После осмотра пленников привели в душевую, велев как следует помыться, дабы избавиться от грязи и вшей. То, что назывался душем, не был таким на самом деле. Посередине стояла большая ванная, наполненная водой, на полке лежали старые куски хозяйственного мыла. Чтобы вымыться, нужно было почерпнуть ковшиком воду и вылить на себя. После стольких дней томительного ожидания в грязи и холоде даже эта ванна показалась Владиславу раем. Намылив волосы и тело мылом, он несколько раз вылил на себя горячую воду, с блаженством ощущая каждой клеточкой, как вместе со струей воды стекает грязь.
Когда с водными процедурами было покончено, узников распределили по баракам по несколько человек в каждой комнате. Здесь было не то, что в Альтварпе: у каждого имелась довольно удобная койка с простынями и теплым одеялом. Вечером всем раздали ужин, состоящий из куска хлеба с мармеладом и чаем без сахара. Этого было слишком мало, дабы утолить голод, но уж что есть, то есть. Укладываясь спать, Влад думал про себя, дал слово в душе, что этот концлагерь должен стать для него последним - либо он освободится, либо умрет.
На следующий день, едва забрезжил рассвет, пленников подняли и велели выходить на улицу собирать по округе ветки, а затем складывать там же, где и дрова. Работы самой как таковой и не было, многие собирались группами, общались, коротая время за беседой. Владислав среди толпы приметил человека со знакомым лицом. Высокий, болезненно сутулый, тот оказался еще совсем молодым человеком - не старше двадцати пяти лет, только высокий светлый лоб прорезали две глубокие морщины - не из-за пережитых лет, но горя. Влад пристально вглядывался в знакомое лицо, тот тоже смотрел на него широко раскрытыми немигающими глазами.
Кшиштоф?! - воскликнул Влад, оставив охапку хвороста на земле.
Владислав! - с улыбкой и какой-то неподдельной радостью сказал бывший школьный хулиган.
Они бросились друг к другу, обнялись как старые друзья, словно и не было между ними вражды в далеком детстве. Усевшись в тени клена, бывшие одноклассники рассказали о себе все то,что случилось с ними со времен войны, как долго каждый из них был в плену.
Я один остался, Влад, один на всем свете. Всех моих родных расстреляли поганые немцы, прямо на моих глазах! Я помню до мельчайших подробностей каждый миг их предсмертной агонии, будто трагедия эта произошла буквально вчера. И, просыпаясь каждое утро, я слышу выстрел и их крики, - Кшиштоф поведал о трагедии в своей жизни и пока говорил, слезы навернулись на его глазах.
А как у тебя дела? Тебя взяли из Кременца?
Нет.
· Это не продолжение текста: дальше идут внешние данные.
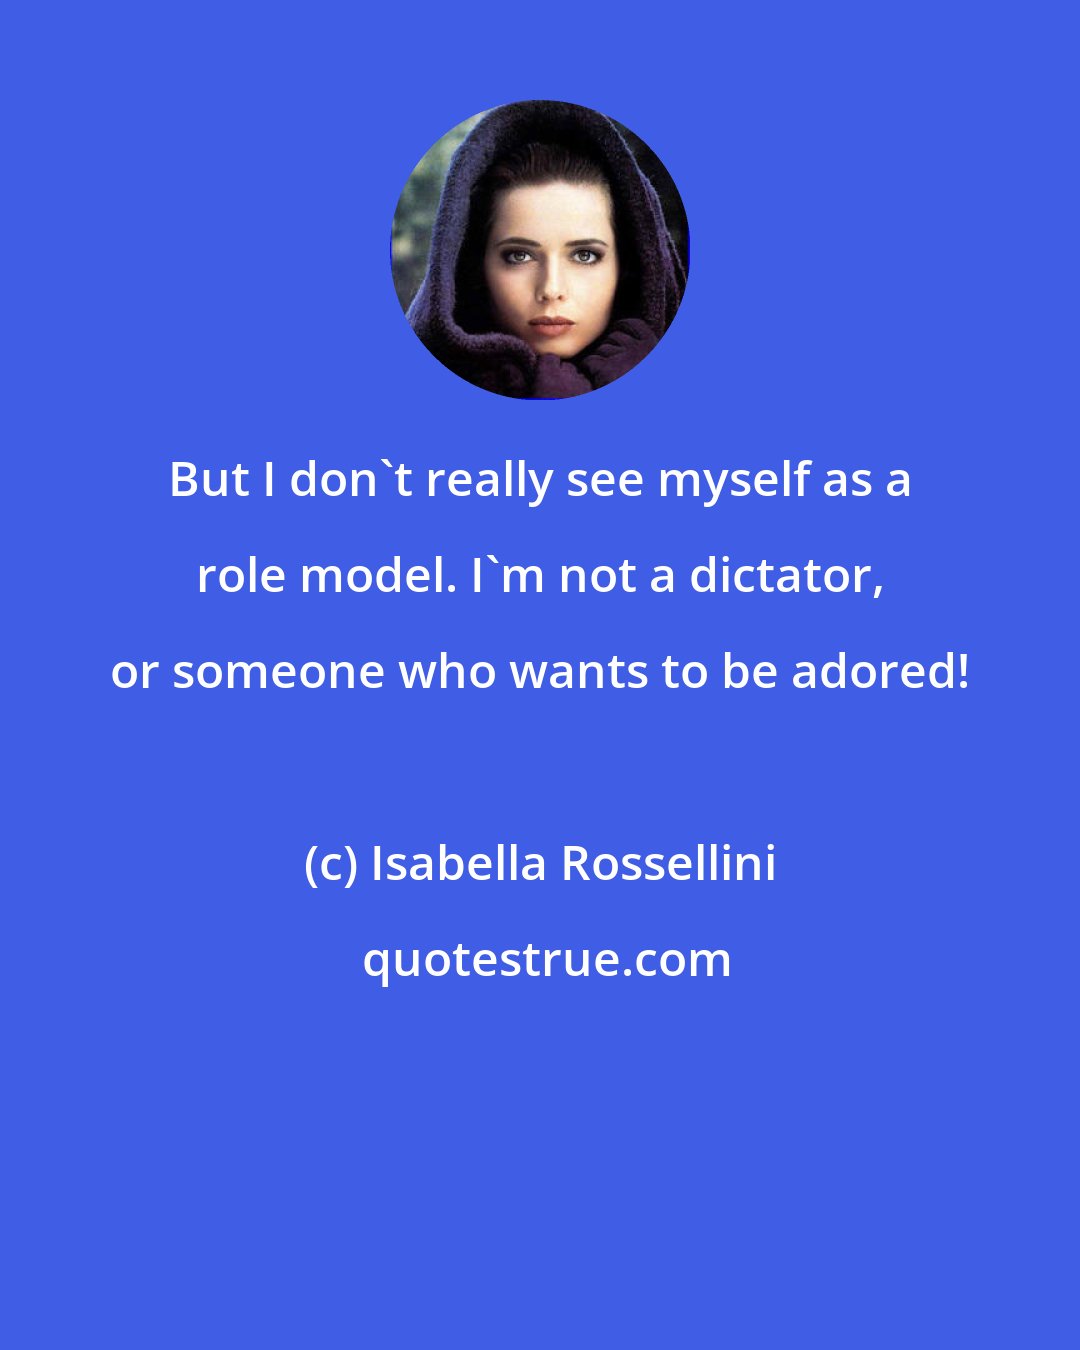 Isabella Rossellini: But I don't really see myself as a role model. I'm not a dictator, or someone who wants to be adored!

После присоединения Украины к Союзу наша семья покинула его пределы и с тех пор мы живем в Варшаве - так захотел мой отец. Меня захватили в плен в самой столице, когда я пробирался мимо руин - все, что осталось от города, к знакомому аптекарю,дабы взять лекарство для отца, которого я оставил умирающим от брюшного тифа. С тех пор я путешествую из одного концлагеря в другой и даже не знаю, что сталось с моими родными: живы они или нет.
Их беседу прервал немецкий охранник. Потрясая оружием перед их лицами, он прокричал:
Чего расселись, скоты? Живей за работу, шнеле!
В полдень всех пленников позвали на обед. Каждый становился в очередь за своей порцией хлеба и мармелада. За Владиславом встала молодая женщина около двадцати пяти лет. Невысокая, полноватая, с короткими черными волосами и карими глазами, она не была красавицей, но ее светлая приятная улыбка притягивала взоры мужчин. Дернув Влада за рукав, она поинтересовалась:
Вы говорите по-французски?
В смущении молодой человек поначалу растерялся, но услышав речь, знакомую с детства, ответил на французском:
Да, я знаю этот язык.
Как славно! - радостно проговорила девушка. - Теперь я могу с вами общаться. Сама я родом из Франции, зовут меня Джанна.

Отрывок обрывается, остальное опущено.